Why Do Augmentations Work? A Rookie's Take on Classifier Chaos.

#machinelearning #deeplearning #computervision #python

Why do augmentations work with classifiers?

Ever since I started training classifiers, the process of model training has always been quite infuriating, to say the least. Training any competent model that can at the very least perform accurate distinction between the varying classes is an astronomical task, given the lack of readily available datasets. This is where augmentation techniques hold the spotlight; the mere use of augmentations (at a baseline) is to provide some variations in the training data and implicitly increase the training dataset thereby. Providing an overview, there exist techniques like Autoaugment (AA), Randaugment (RA), and Trivial augment (TA), each of which work to better the previous model at some cost.
AA is an augmentation technique that designs specified variations for each image from any dataset, however, this leads to a larger computational overhead for moderate yet comparable gains. RA further builds on AA, downsizing a core aspect i.e. search space, while providing significantly similar results to AA at a largely reduced overhead. Furthermore, TA proves that a singular effect applied per image is nearly comparable to the results of those provided by RA and AA. This, when considered with the "regularizers", i.e., the Cutmix, Cutout, Mixup, and YOCO families, leads to a vast augmentation landscape. Given the large number of choices clouding any fellow rookie's choice on 'which augmentations to use?' it is a given that working with them can be a bit overwhelming.

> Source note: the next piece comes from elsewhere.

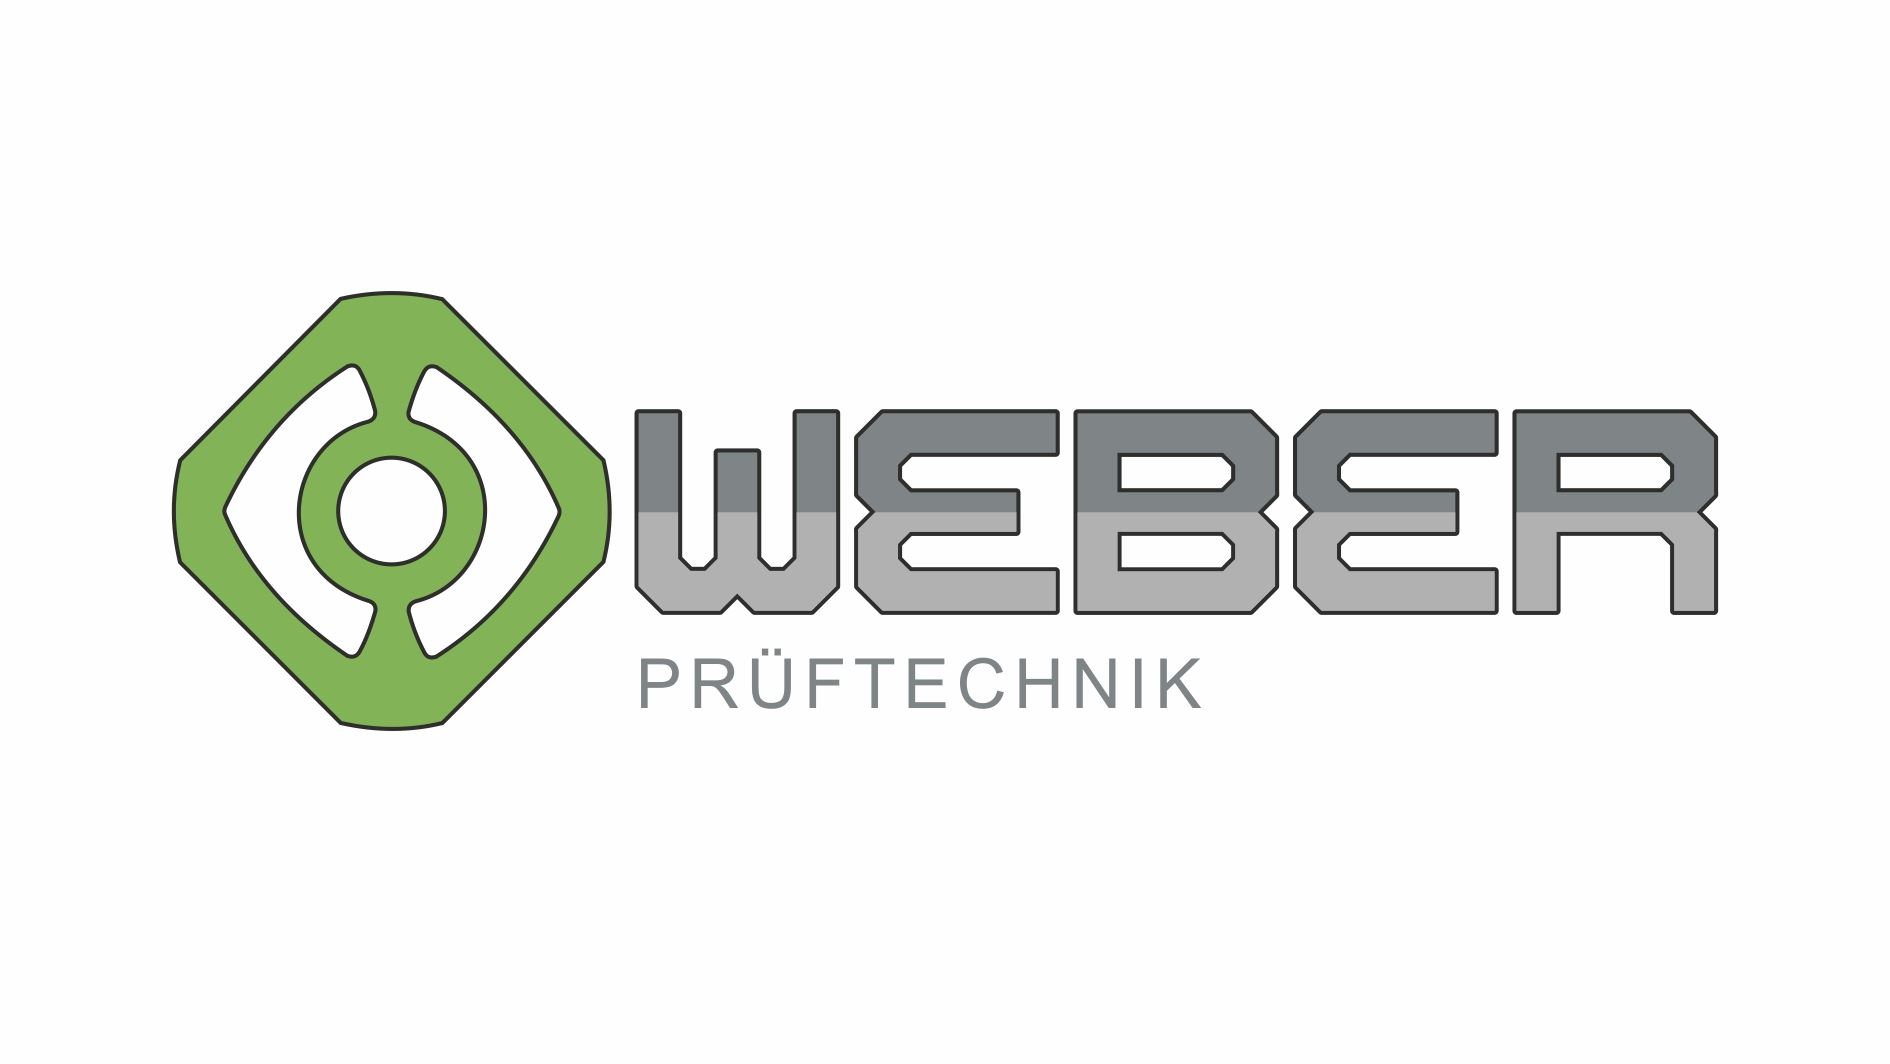 Weber connect Prüftechnik

The irony of the prefect solution:

A similarly frustrating scenario is what I've been dealing with for the past two years of coding. In my experience I've always found (obviously so) that the size of the dataset does inherently decide how well a model performs. Unbalanced datasets lead to memorization of patterns, while a shallow and multi-classed dataset provides an underconfident model. And the blatant irritant is just not having a large dataset, leading to overfitting. This is where possibly the greatest augmentation assets come in (pretrained models). Pretrained models are those models in which weights for a certain type of problem are already present by training them on a much larger dataset (ranging from thousands to hundreds of thousands). Thanks to these models, say for a facial identification module, I won't need to gather 50–100k images just to get a 70% accuracy when comparing a human face and a tree stump. These are great resources to utilize and perform very efficiently, sometimes with even 200 images per class (sometimes even lower). But just like everything mentioned before, even these aren't perfect.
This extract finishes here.